FIG. 9 shows the possible arrangements of an HCC apparatus according to an embodiment in an RF device. The RF device 900 comprises an active device 902 with an input terminal 9021 for receiving an RF input signal and an output terminal 9022. Although a single input terminal and a single output terminal are shown, the active device 902 may also include additional input and output terminals. A bias network 904 is connected at the output terminal 9022. The output terminal 9022 is also connected to a matching network 906 which can provide an output RF signal.

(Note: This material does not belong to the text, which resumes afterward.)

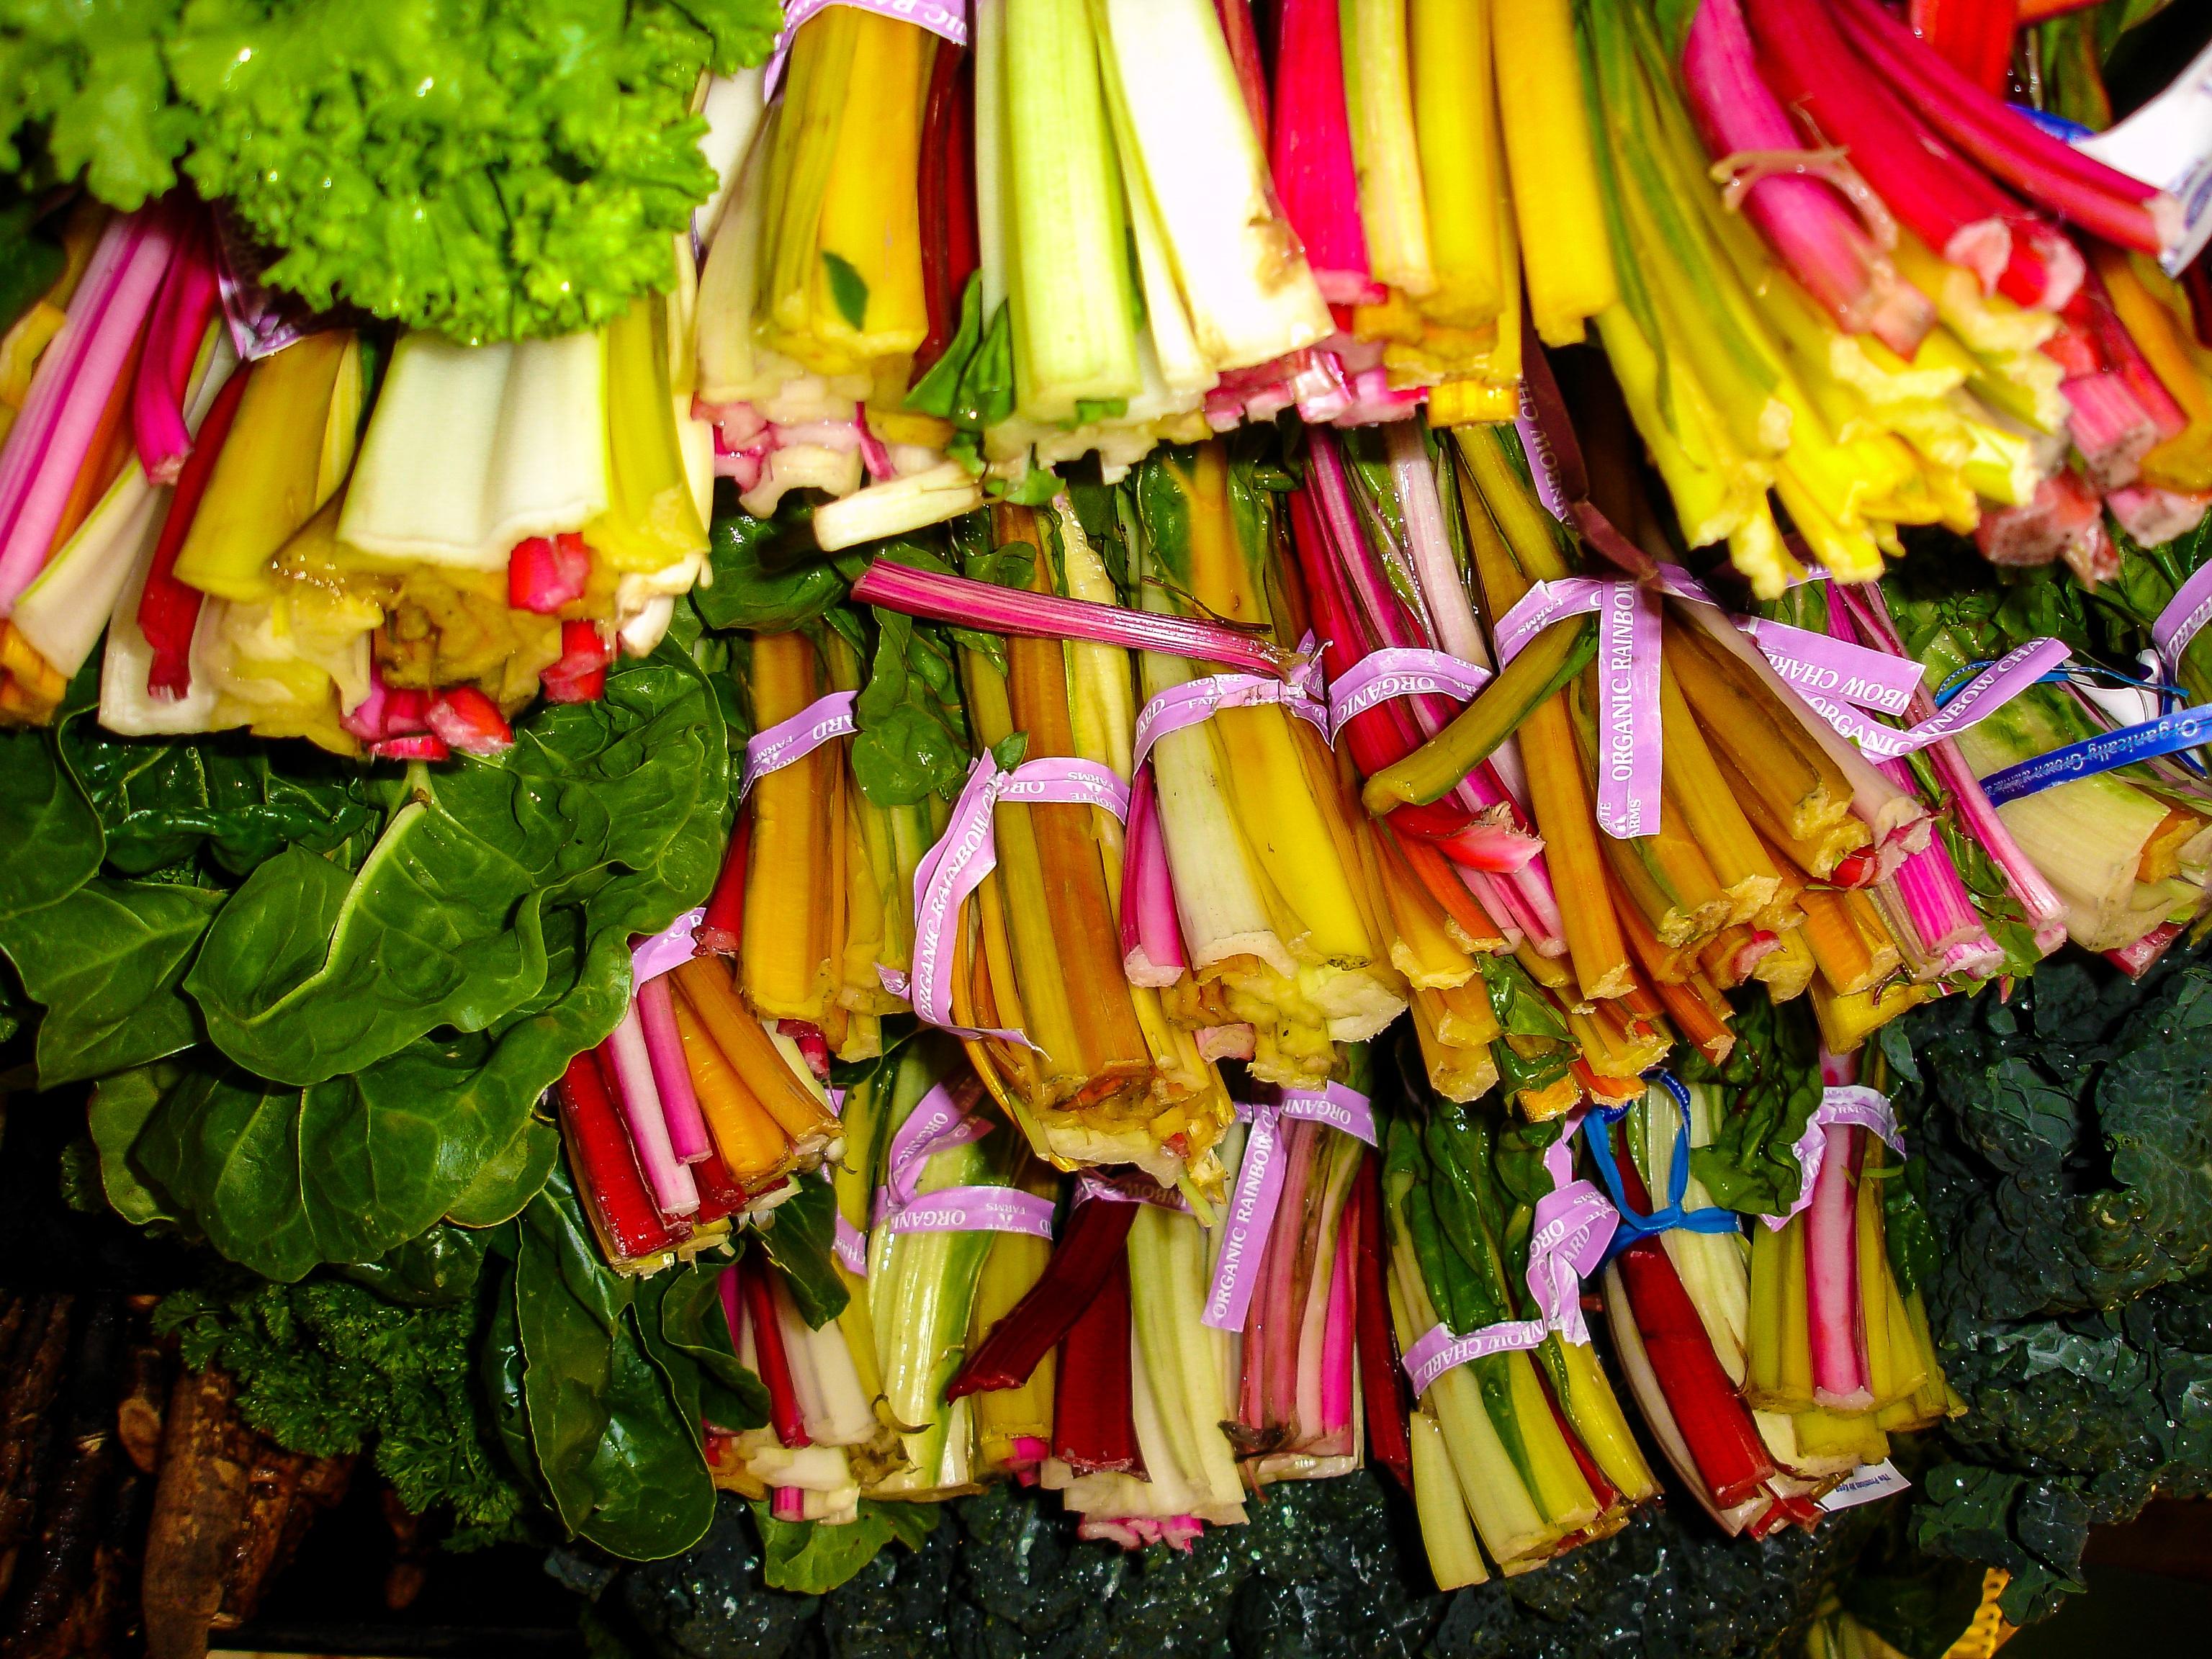 Fotos gratis : flor, verano, comida, Produce, vegetal, color ...

As mentioned above, for the HCC apparatus 30 described above, the fundamental matching can be independent from the harmonic tuning process. Thus, the HCC apparatus can be flexibly inserted into at least one of: the position-1 inside the bias network 904, the position-2 inside the matching network 906, and the position-3 out of the matching network while being connected to the matching network 906. The HCC apparatus may be configured to receive the output signal generated by the active device 902 and further configured to control at least two harmonics of the operation frequency band of the active device 902, by providing harmonic terminations on adjacent two tuned frequencies.

FIGs. 10A-10B show different application scenarios of an HCC apparatus according to an embodiment of the disclosure. As shown, the HCC apparatus is applied in an RF device 100 such as an RF power amplifier for efficiency enhancement. The RF device 100 comprises an active device 102 such as a GaN HEMT power transistor. The active device 102 comprises an input terminal A, an output terminal B, an input matching network 104 arranged between the active device 102 and an input node C, an input bias network 106 arranged at the input terminal A, an output matching network 108 arranged between the active device 102 and an output node D, and an output bias network 110 arranged at the output terminal B.

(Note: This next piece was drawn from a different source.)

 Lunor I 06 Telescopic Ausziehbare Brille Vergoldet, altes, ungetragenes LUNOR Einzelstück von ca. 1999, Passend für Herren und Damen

The HCC apparatus may be configured to receive either the input or output signal generated by the active device 102 and further configured to control at least two harmonics of the operation frequency band of the active device 102, by providing harmonic terminations on adjacent two tuned frequencies.

In FIG. 10A, the HCC apparatus is placed after the output matching network 108 on the signal path. Thus, it can provide a total “fundamental matching free” HCC over a broad bandwidth. In FIG. 10B, the HCC apparatus is placed after the combination of “quarter wave line plus RF bypass capacitors” on the bias path. This branch placement enables the HCC apparatus to be easily decoupled from the matching network 108.

However, the present disclosure is not limited to the above examples. Optionally, the HCC apparatus may be inserted into at least one of the following points for input and/or output harmonic termination purpose:

a point in the input matching network 104;

a point in the input bias network 106;

a point in the output matching network 108;

a point in the output bias network 110 (e.g., inserted into the quarter wave transmission line in FIG. 10B) ;

a point out of the input matching network 104 and the output matching network 108; and

a point out of the input matching network 104 and the output matching network 108, while being connected to the input matching network 104 and/or the output matching network 108.

Thus, it can provide high flexibility of integration of harmonic termination within matching networks, signal lines or bias lines.

Further, optionally, the active device may comprise more than one input and/or output terminals. This case may relate to, for example, Doherty, envelope tracking, dynamic load modulation, and so on.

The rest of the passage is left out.